First steps toward “Data Inclusion”

The concept of “data inclusion” is new and still slowly seeking its way in our linguistical habits, but it is gaining ground in the minds of those who care for disadvantaged, low-income, or otherwise underserved segments of society. A recent report of the US Federal Trade Commission (FTC) does precisely this. Looking at the commercial use of big data analytics, it considers cases in which big data analytics lead companies to make choices that are detrimental to the most vulnerable segments of society, for example by excluding them from credit or from employment opportunities. Instead, it asks how big data may be used in inclusive ways.

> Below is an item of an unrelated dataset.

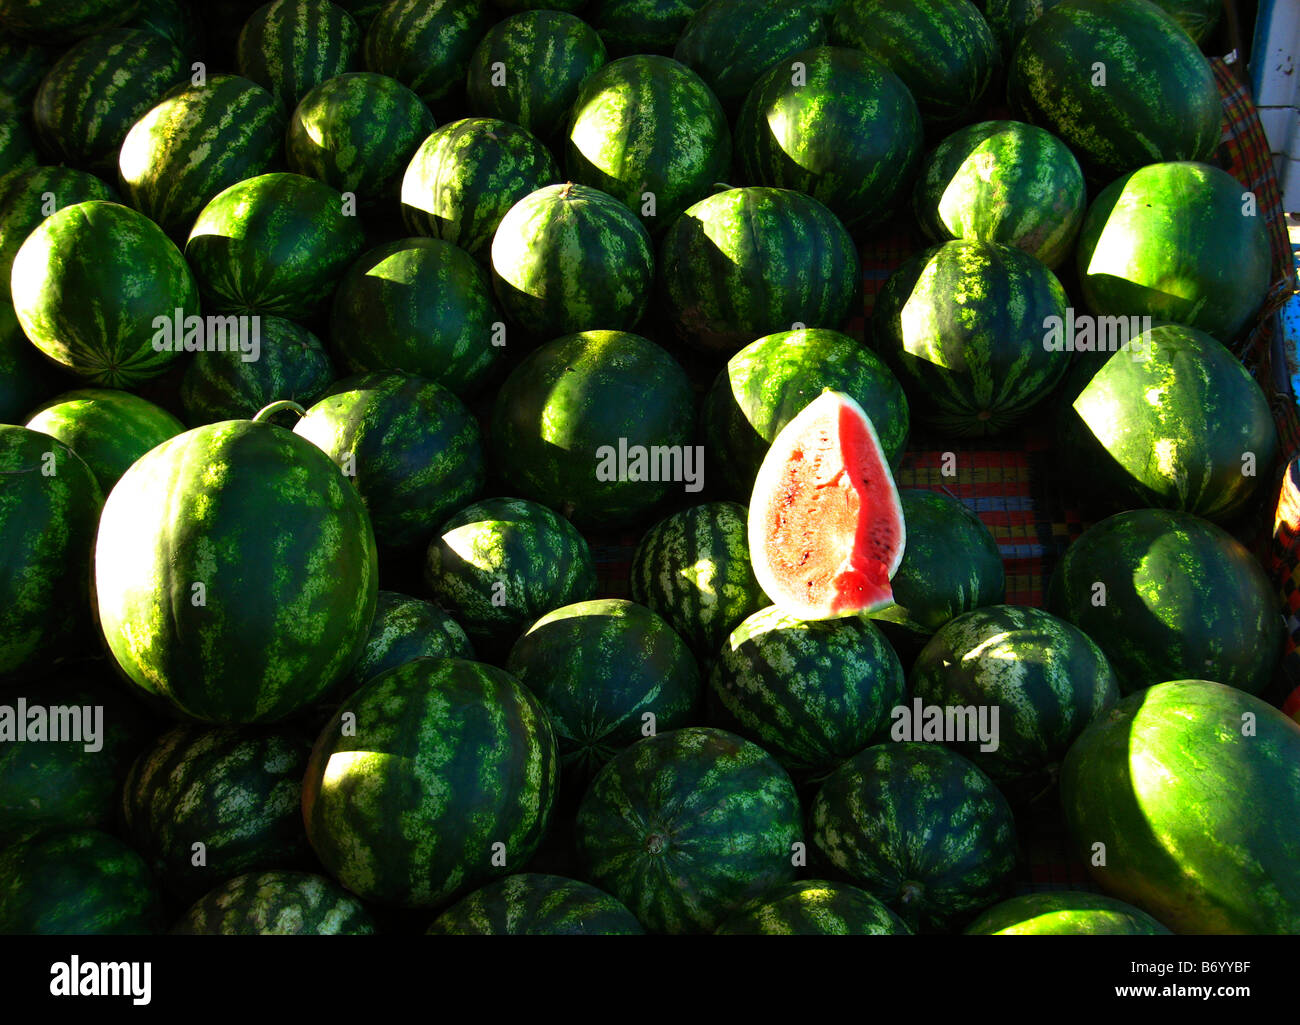 Wassermelone in der Straßenbasar Alanya Türkei Stockfotografie - Alamy
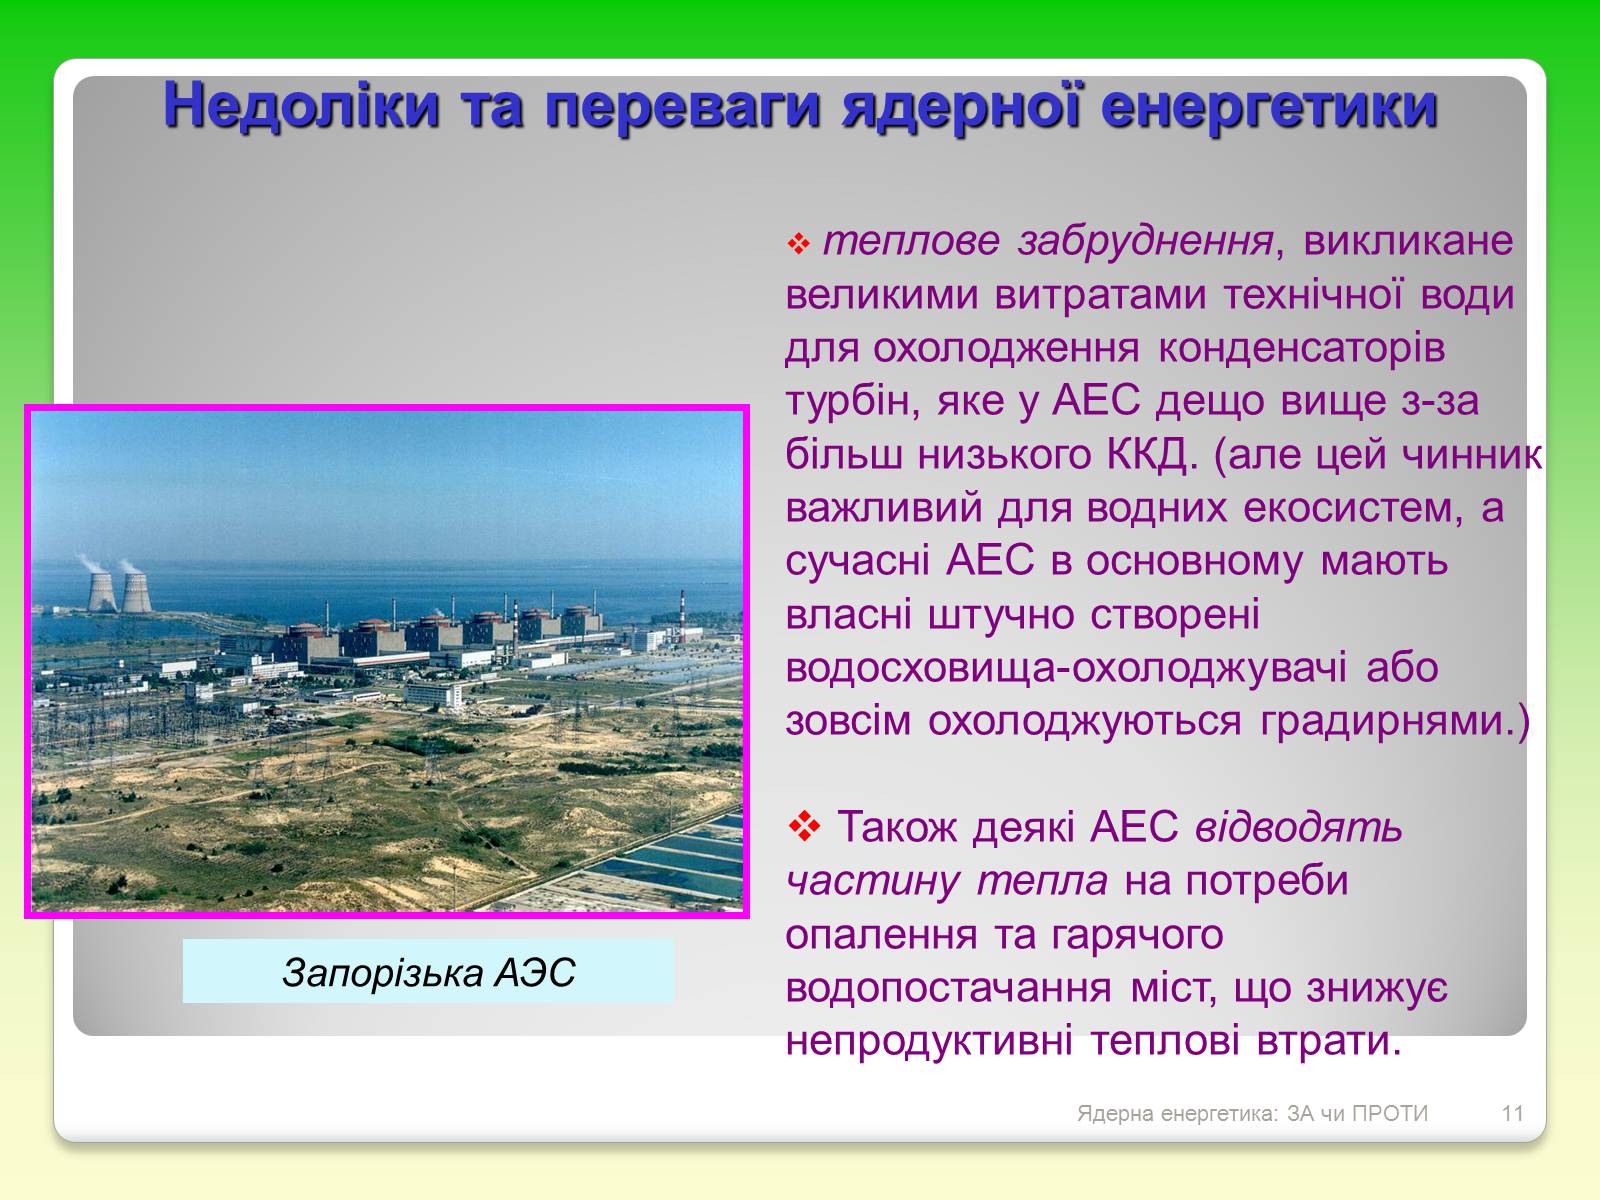 Презентація на тему «Ядерна енергетика: ЗА чи ПРОТИ» - Слайд #11

A first set of recommendations they make is for companies to be well aware of the regulations: on financial and credit reporting, equal opportunities, consumer protection. The second set of recommendations, though specifically aimed at research done in (or for) companies, is of relevance for public research as well, and consists in asking key questions about the quality of data and models, and about the reliability and validity of results:

  • How representative is your data set? In popular discourse, big data carry a promise of exhaustivity, which however is rarely fulfilled in practice (see this great FT article by Tim Hartford). In fact, big data sets are not necessarily statistically representative of the population they refer to, and  information may be disproportionately missing about specific, possibly disadvantaged, populations.
  • Does your data model account for biases? Selection effects, which occur whenever some members of the population are less likely to be included in the sample than others, must be controlled for in order for results to be generalizable.
  • How accurate are your predictions based on big data? The issue is that most research with big data is predictive without being able to uncover the social or economic mechanisms underlying observed correlations, so that interpretation of results is potentially misleading. The report does not say, though, that recent developments in machine learning that support causality reasoning may alleviate this problem in the not-so-far future.
  • Does your reliance on big data raise ethical or fairness concerns? In all honesty, this is not specifically a question for research on big data, but for research in general. If a company’s analysis of employees’ behavior lead to solutions that involve forms of, say, racial or gender-based behavior, then that analysis shouldn’t be used – whether it’s done with “big” or “small” data.

It is important that major regulators like the FTC are taking notice. Big data open the way to major improvements in our life conditions, but not because data-driven analysis will take the lead over current best practices in research. Regulations, awareness of statistical issues and potential pitfalls, and ethics are ever more necessary for big data to fulfill their potential.